To remedy the situation, I did what I should have done in the first place, namely clean up my lights and make sure that NanoLube is the only lubricant in use. Doing that has allowed all my lights to thread more smoothly than when they were new. I am convinced that every new light I have received has had a "temporary" lubricant applied to it by the manufacturer, with the understanding that we the users will want to apply the lubricant of our choice more liberally at a later date. I am very happy with the way my lights perform with NanoLube as the sole lubricant.


----------



## jch79

Does anyone know where the aluminum dispenser pen is made? :shrug:


----------



## wvaltakis2

jch79 said:


> Does anyone know where the aluminum dispenser pen is made? :shrug:


 
Not sure where it's made, but earlier in the thread someone mentioned finding them at Lowe's.

~Chip


----------



## TITAN1833

i can get them all day long.


----------



## jch79

jch79 said:


> Does anyone know where the aluminum dispenser pen is made? :shrug:



FYI, from Christian StClaire:
"The pen is from Asia, the bottle needle cap is US"

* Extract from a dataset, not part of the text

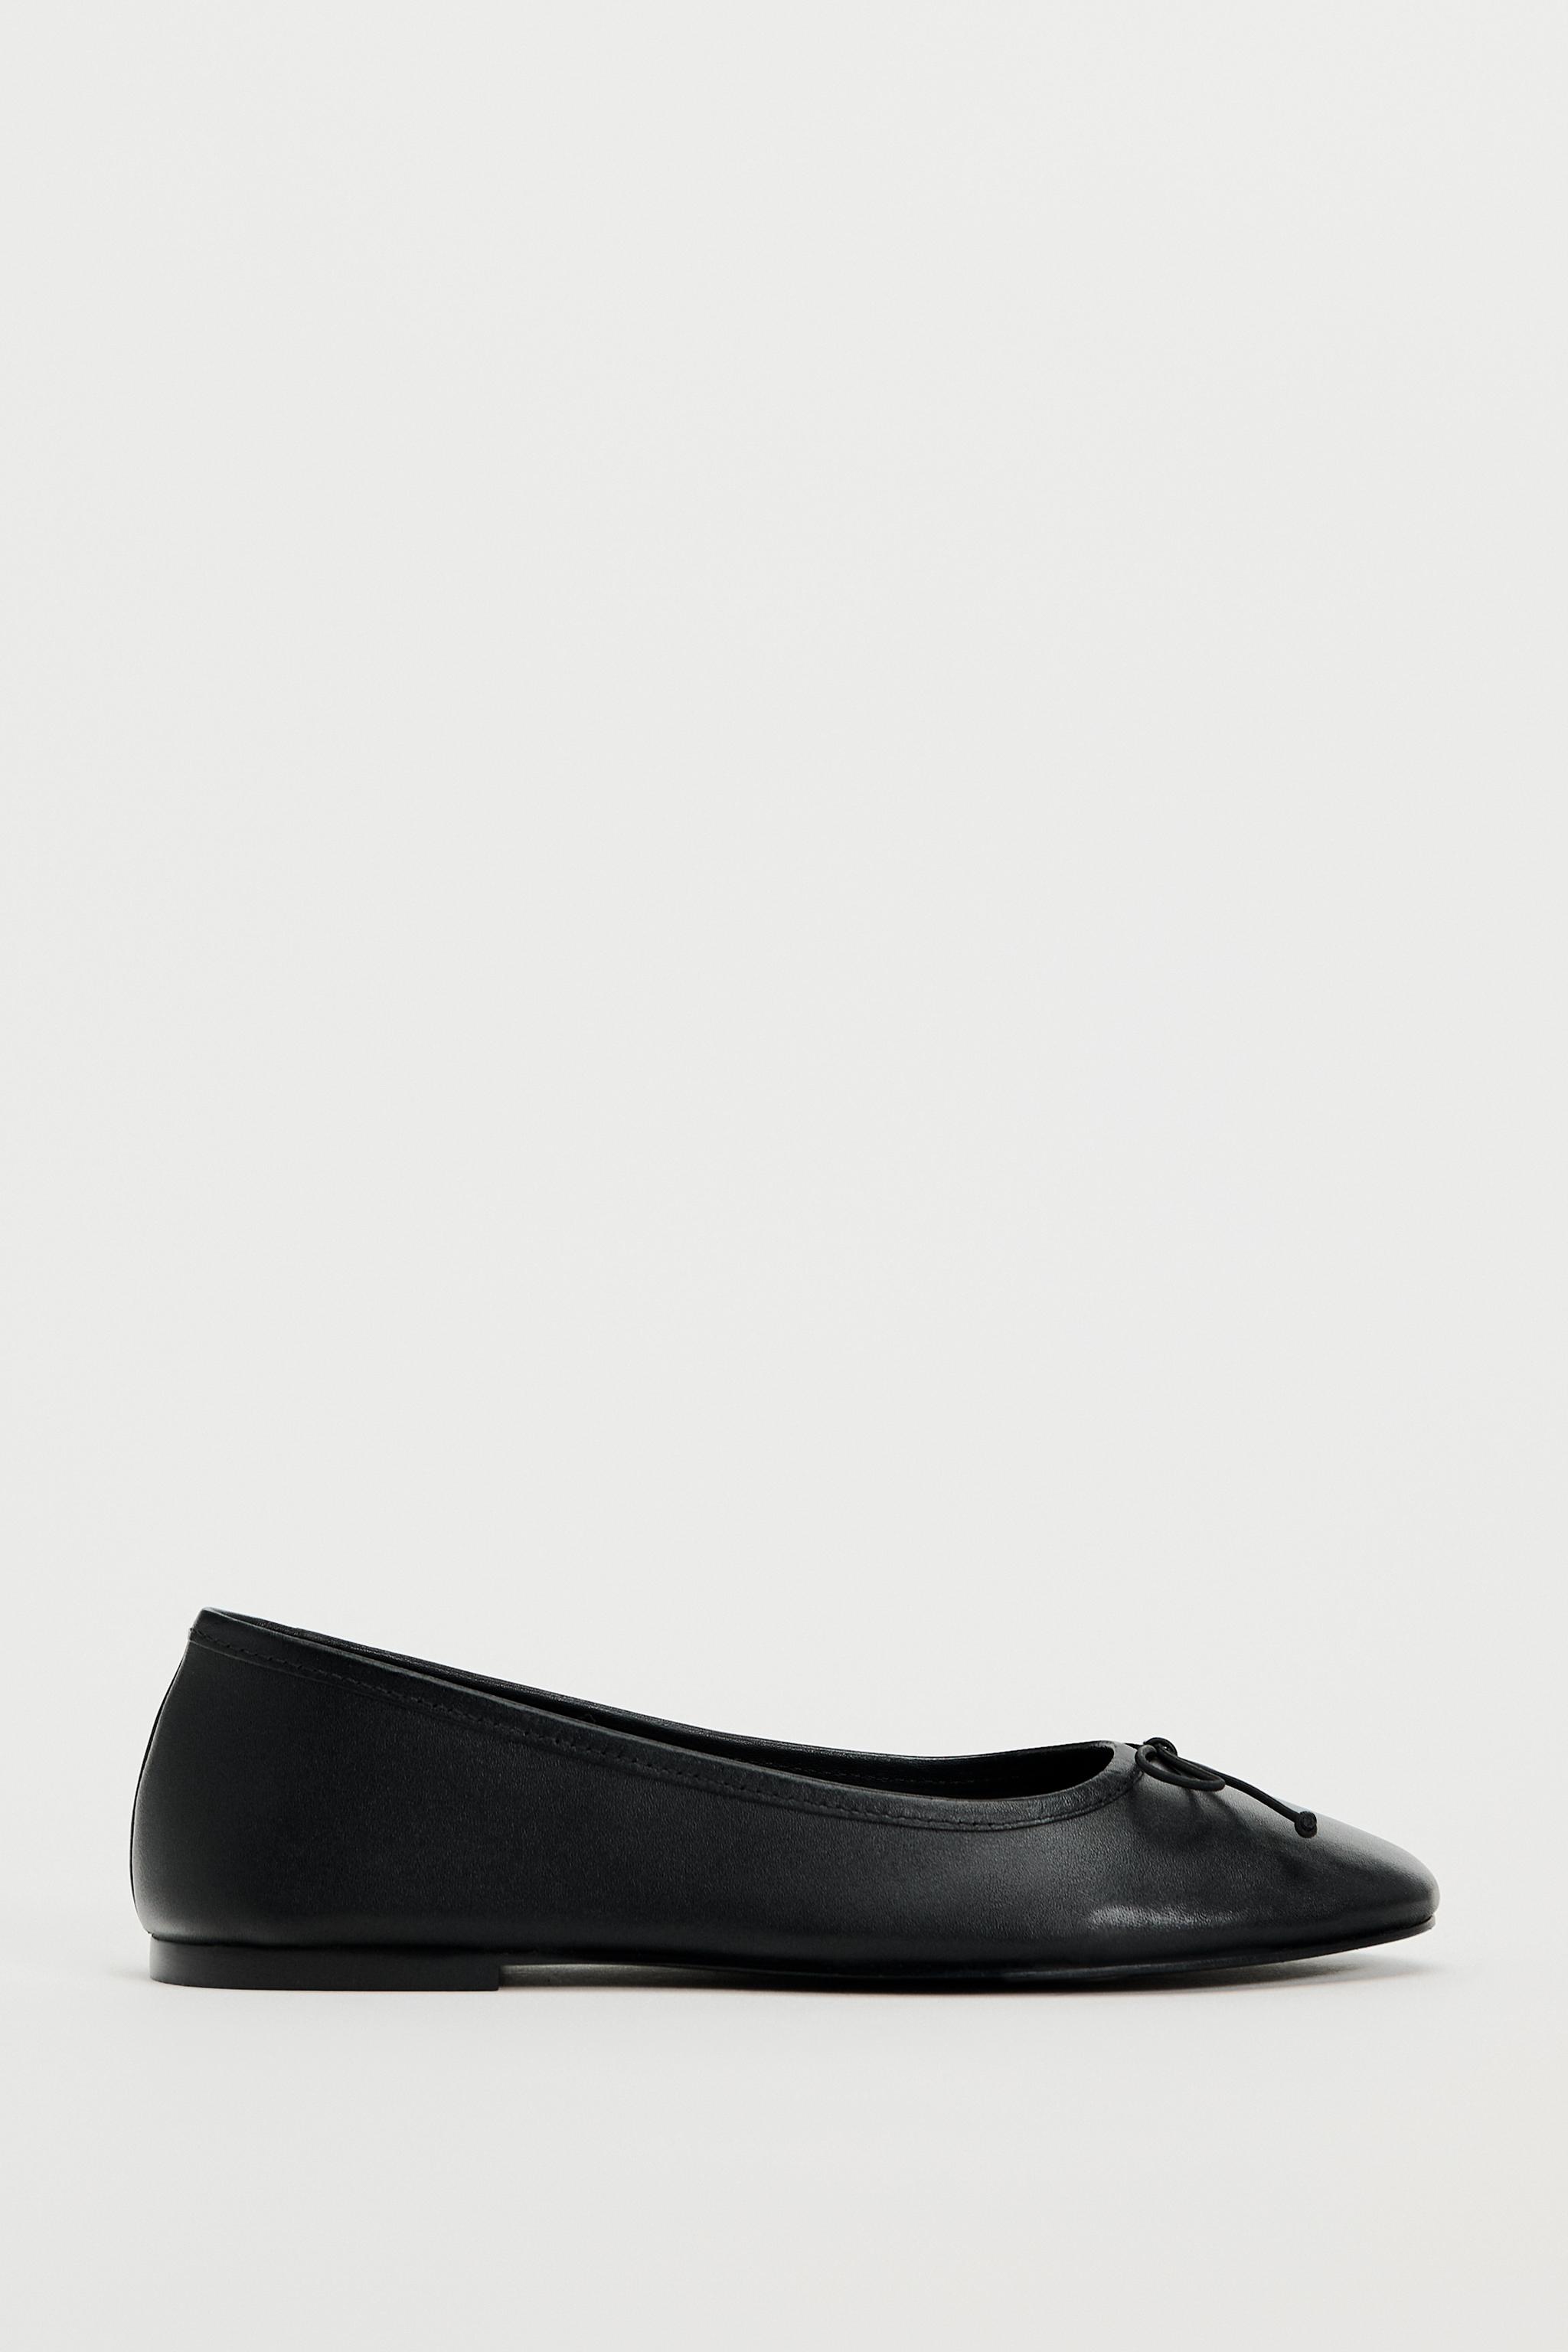 Flats Shoes Woman | ZARA United States - Page 4

Of course, NanoLube itself is Made in USA, but my inquiry was about the pen vs. the bottle needle cap.

 john


----------



## chanamasala

MorpheusT1 said:


> Just ordered some
> 
> The Pen + a refill bottle.
> 
> He even has 20% off for CPF members,great guy.
> 
> 
> 
> Cant wait to try some on my Ti lights.
> Benny



How do you get the 20% off?


----------



## TITAN1833

FYI i am selling here CPFMP.just the one off.


----------



## nanolube

chanamasala said:


> How do you get the 20% off?


 
You can get it for $9.99 on eBay from the inventor and only licensed distributor in the world. I will go one better at almost 40% off, and offer free shipping to CPF members that contact me at [email protected] or through www.hyperdiamond.com

Under ASTM testing, the original NanoLube protected against metal wear better than StClaires diluted, unlicensed, illegal copy of NanoLube. The original is better for good reason, and costs less too.

Chris


----------



## TITAN1833

Ok guys i am seeking guidance from Mods.should this thread now be closed.having served its purpose IMr should it continue  thank you.


----------



## nanolube

TITAN1833 said:


> FYI i am selling here CPFMP.just the one off. & i can get them all day long - regarding oilers


 
Titan1833 first started praising Christian StClaires NanoLube, and now he is selling it and able to get unlimited oiling pens - indicating he is probably Christian StClaire. In any case - please carefully read the following.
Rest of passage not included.